CPUFREQ_CREATE_POLICY===>cpufreq_online
CPUFREQ_REMOVE_POLICY====>cpufreq_policy_free

transition通知链用于在驱动实施调整cpu的频率时，用于通知相关的注册者。每次调整频率时，该通知会发出两次通知事件：

CPUFREQ_PRECHANGE 调整前的通知。
CPUFREQ_POSTCHANGE 完成调整后的通知。

对应结构体
SRCU_NOTIFIER_HEAD_STATIC(cpufreq_transition_notifier_list);
static BLOCKING_NOTIFIER_HEAD(cpufreq_policy_notifier_list);

(4)cpufreq_add_dev_interface
创建sys节点，/sys/device/system/cpu/cpufreq/policyx目录下的一些可选属性，包括

driver提供一些额外的sysfs attribute（需要驱动支持，cpufreq_driver->attr）
cpuinfo_cur_freq：cpu当前运行频率（需要驱动支持cpufreq_driver->get）
scaling_cur_freq：policy当前设置的运行频率（必定创建）
bios_limit：硬件限制（需要驱动支持cpufreq_driver->bios_limit）

(5)CONFIG_CPU_FREQ_STAT功能
记录每个CPU在policy中各个频率的时间,单位为 jiffies，对应节点如下

root@kylin-cp302l2:/sys/devices/system/cpu/cpu0/cpufreq/stats# cat time_in_state 
2000000 5582
1750000 38
1500000 33
1250000 186
1000000 955
750000 2147

在这里插入图片描述

当cpufreq policy频率改变完成时，cpufreq driver通过cpufreq_freq_transition_end->cpufreq_notify_transition(CPUFREQ_POSTCHANGE)发出通知，最终cpufreq_stats模块cpufreq_stats_record_transition函数记录切换到哪一个目标频点并更新对应的时间。

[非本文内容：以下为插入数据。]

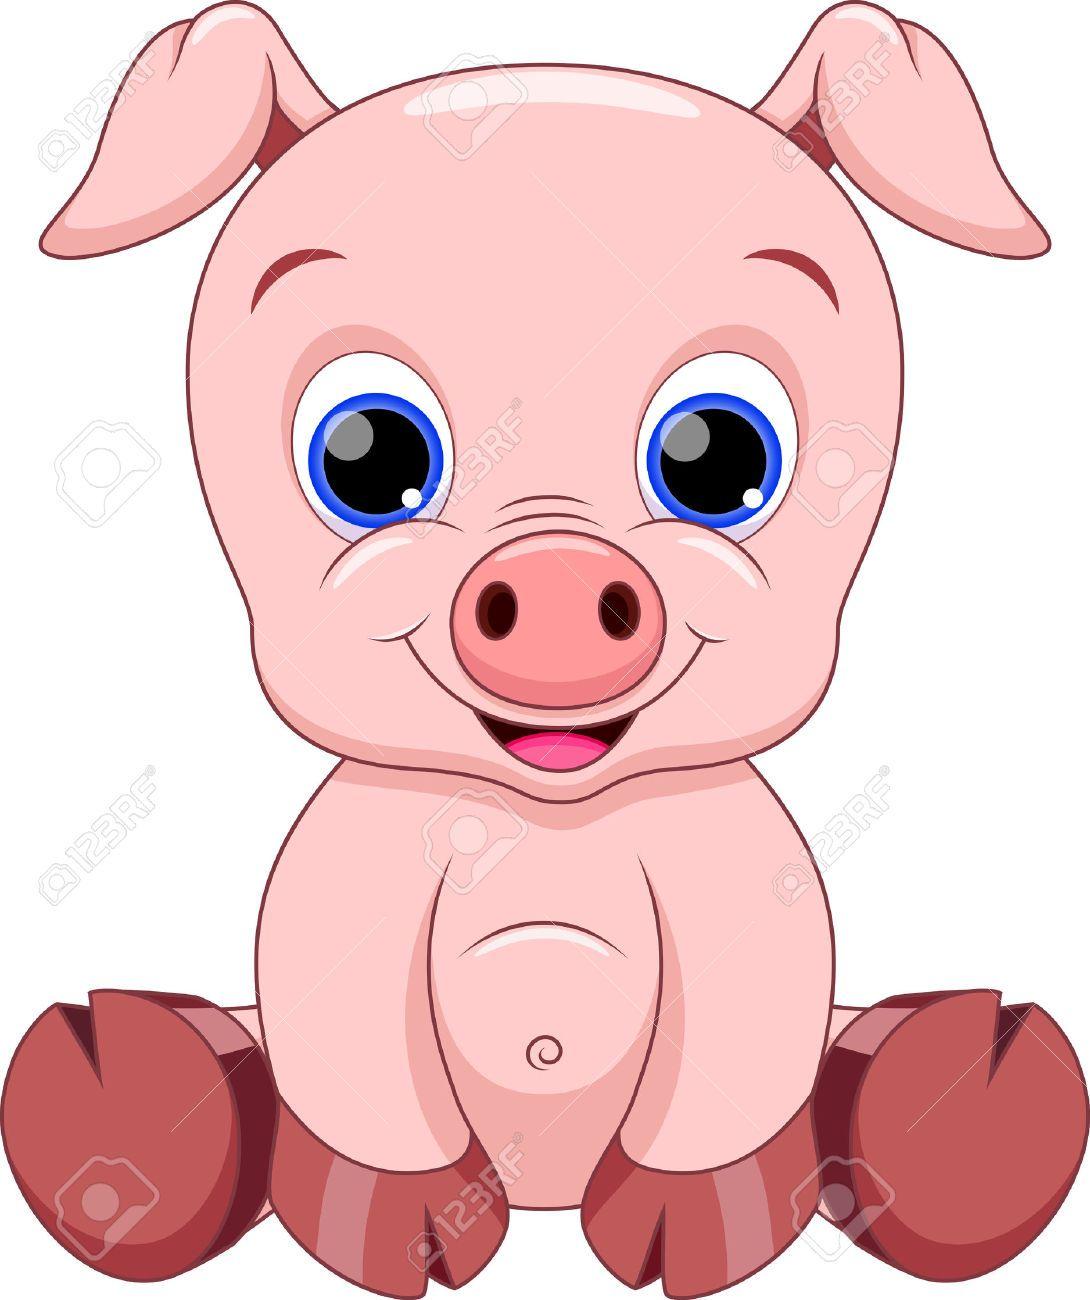 pig illustration | Piggy Art | Pinterest | Pig illustration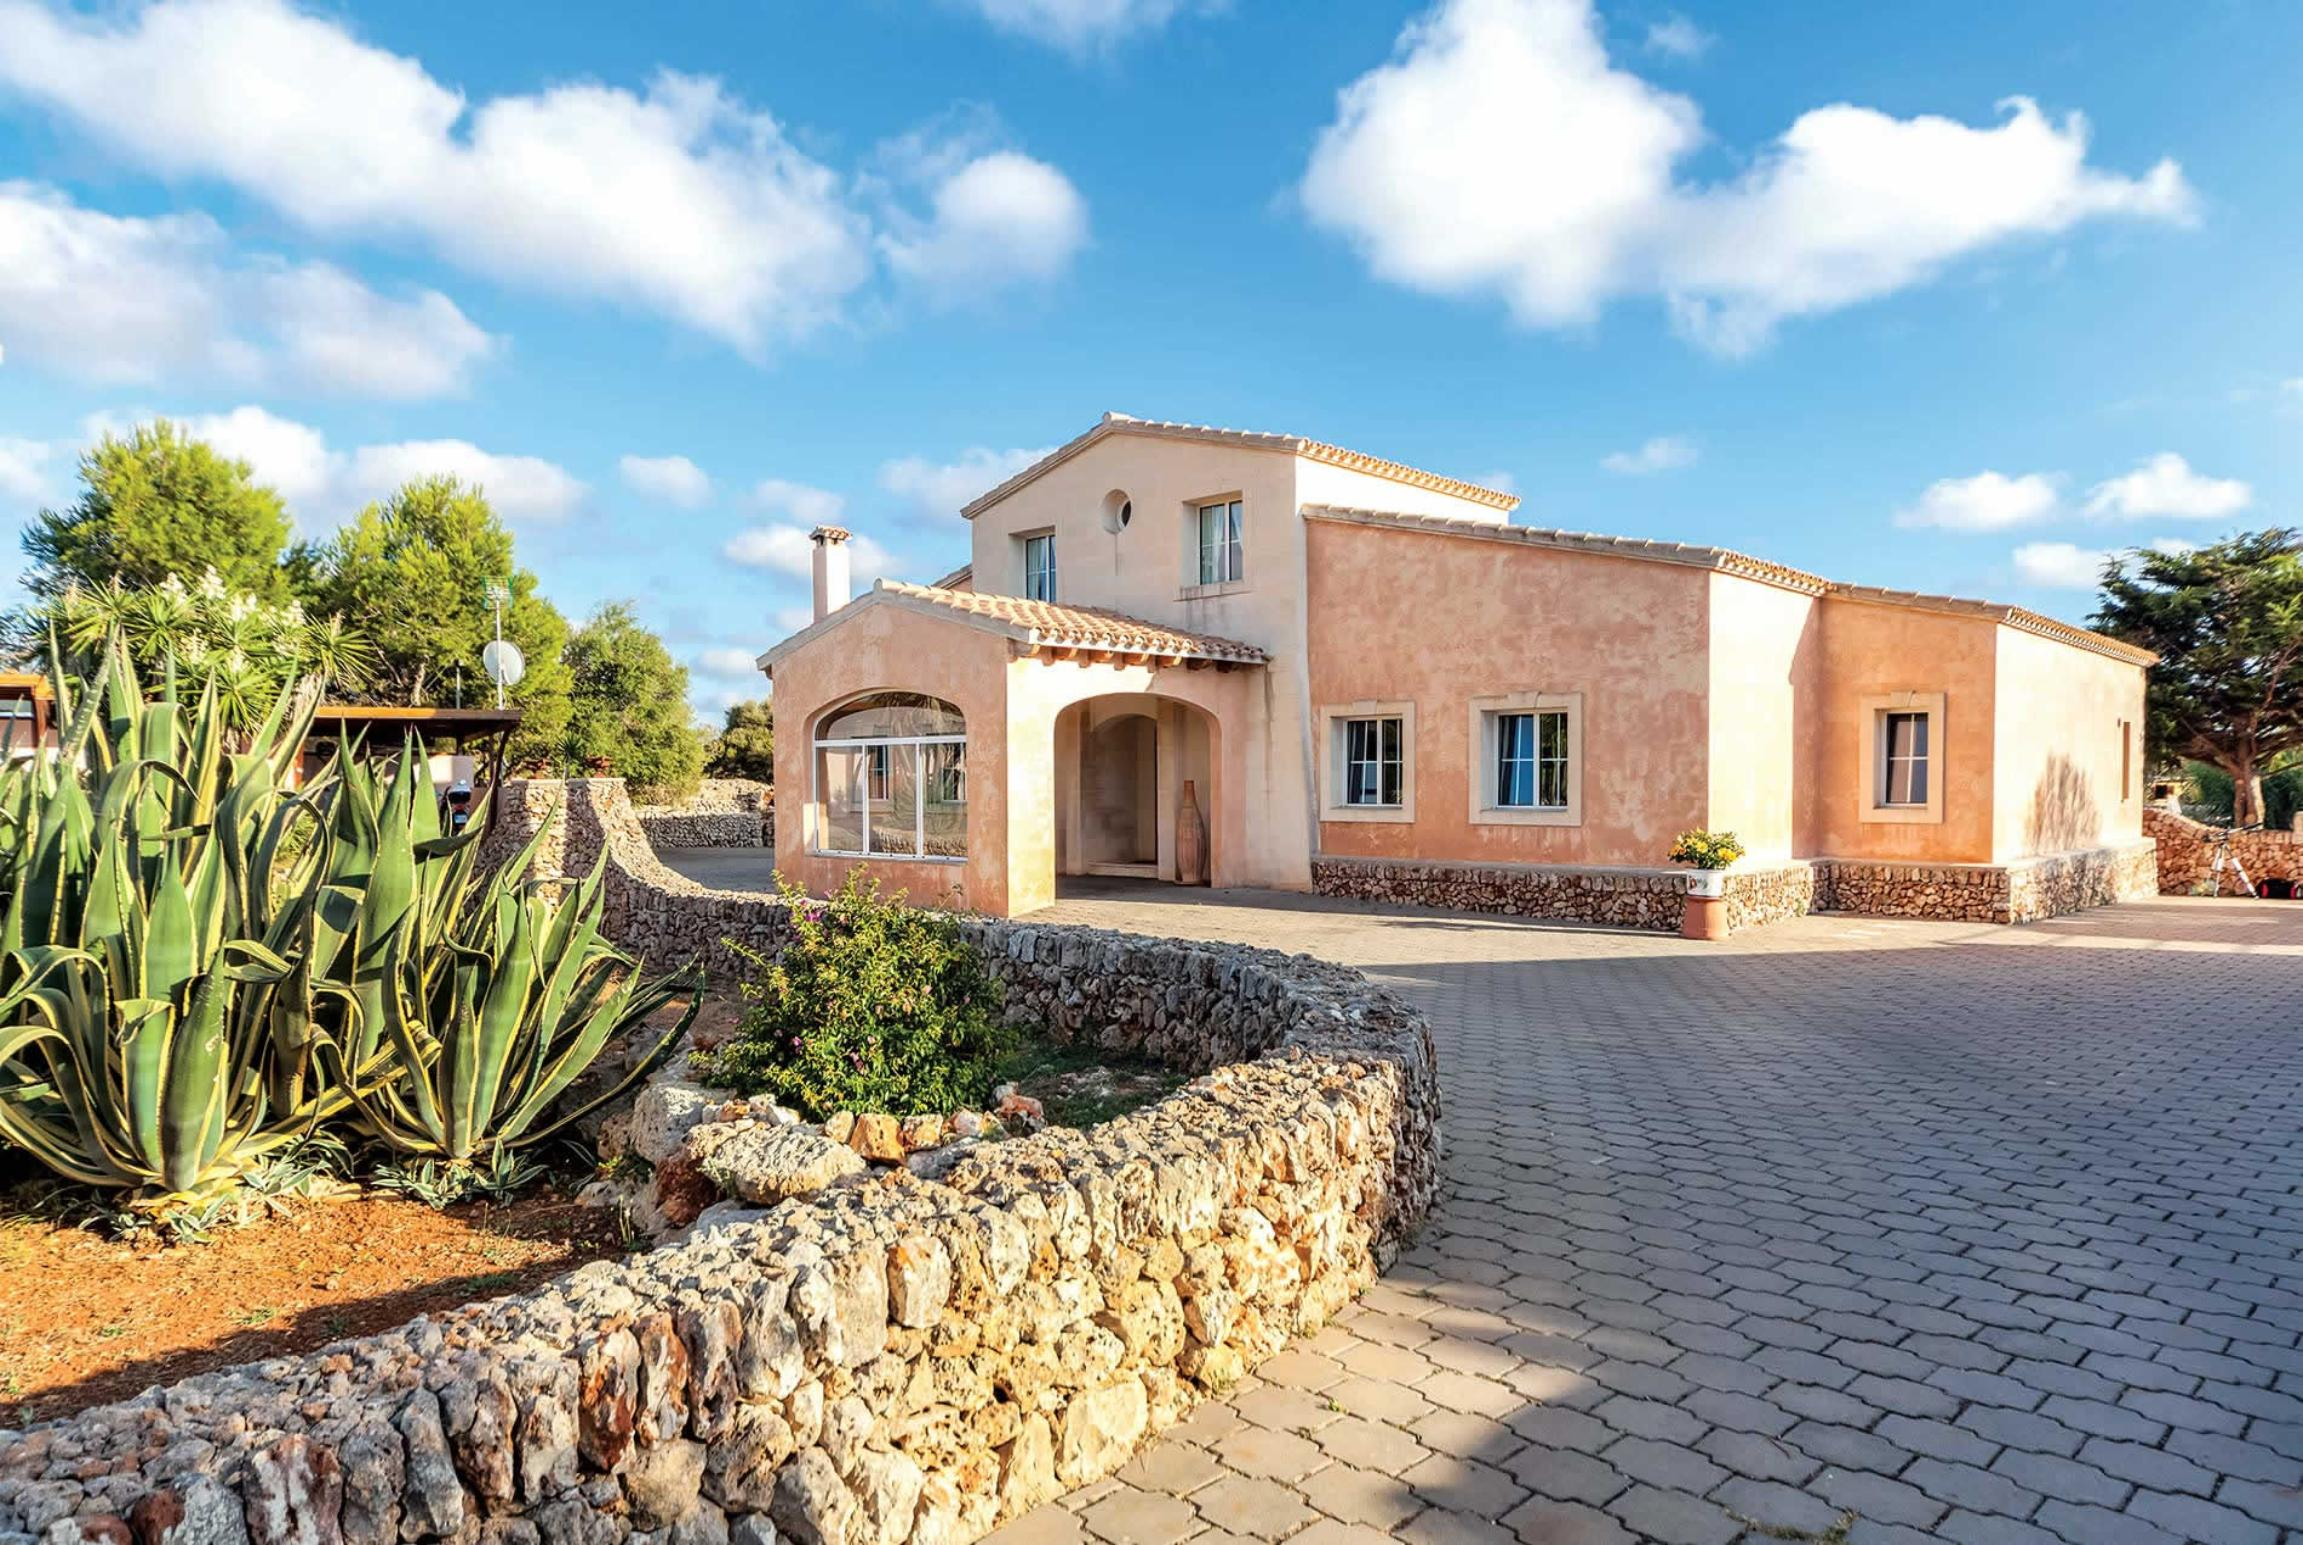 Ferienhaus Villa Estrellita (2649653), Punta Prima, Menorca, Balearische Inseln, Spanien, Bild 20

cpufreq_stats模块代码位于drivers/cpufreq/cpufreq_stats.c

(6)CONFIG_CPU_FREQ_TIMES功能
记录每个进程在policy中各个频率的时间, 单位为每个tick的时间，对应节点如下

root@kylin-cp302l2:/proc/1099# cat time_in_state 
cpu0
2000000 81
1750000 25
1500000 18
1250000 14
1000000 10
750000 32
cpu1
2000000 186
1750000 0
1500000 0
1250000 0
1000000 0
750000 0
cpu2
2000000 260
1750000 0
1500000 0
1250000 0
1000000 0
750000 0
cpu3
2000000 322
1750000 0
1500000 0
1250000 0
1000000 0
750000 0

在这里插入图片描述

当cpufreq policy频率改变完成时，cpufreq driver通过cpufreq_freq_transition_end->cpufreq_notify_transition(CPUFREQ_POSTCHANGE)发出通知，最终cpufreq_times模块cpufreq_times_record_transition函数记录切换到哪一个目标频点。
cputime模块接收到timer中断后，会调用cpufreq_acct_update_power将该tick添加到cpufreq_times模块当前任务的频点统计上。

cpufreq_stats模块代码位于drivers/cpufreq/cpufreq_times.c

上面这两个功能必须要有freq table

(7)使用默认governor初始化policy
实现setpolicy则直接调用该回调,若实现target，则初始化相关governor，详见下节《cpufreq governor》

(8)温控设备联动

五、cpufreq driver

cpufreq driver主要完成平台相关的CPU频率/电压的控制，它在cpufreq framework中是非常简单的一个模块，主要包括：

平台相关的初始化动作，包括cpu的clock/regulator获取、初始化等。
生成frequency table，即cpu所支持的频率/电压列表。
定义一个struct cpufreq_driver变量，填充必要的字段，并根据平台的特性，实现其中的回调函数。
调用cpufreq_register_driver将driver注册到cpufreq framework中。
cpufreq core会在CPU设备添加时，调用driver->init接口。driver需要在该接口中初始化struct cpufreq_policy变量。
系统运行过程中，cpufreq core会根据实际情况，调用driver的setpolicy或者target/target_index等接口，设置CPU的调频策略或者频率值。
系统suspend的时中，会将CPU的频率设置为指定的值，或者调用driver的suspend回调函数；系统resume时，调用driver的resume回调函数。

六、frequency table

frequency table是CPU core可以正确运行的一组频率/电压组合，之所以存在的一个思考点是：table是频率和电压之间的一个一一对应的组合，因此cpufreq framework只需要关心频率，所有的策略都称做“调频”策略。而cpufreq driver可以在“调频”的同时，通过table取出和频率对应的电压，进行修改CPU core电压，实现“调压”的功能，这简化了设计。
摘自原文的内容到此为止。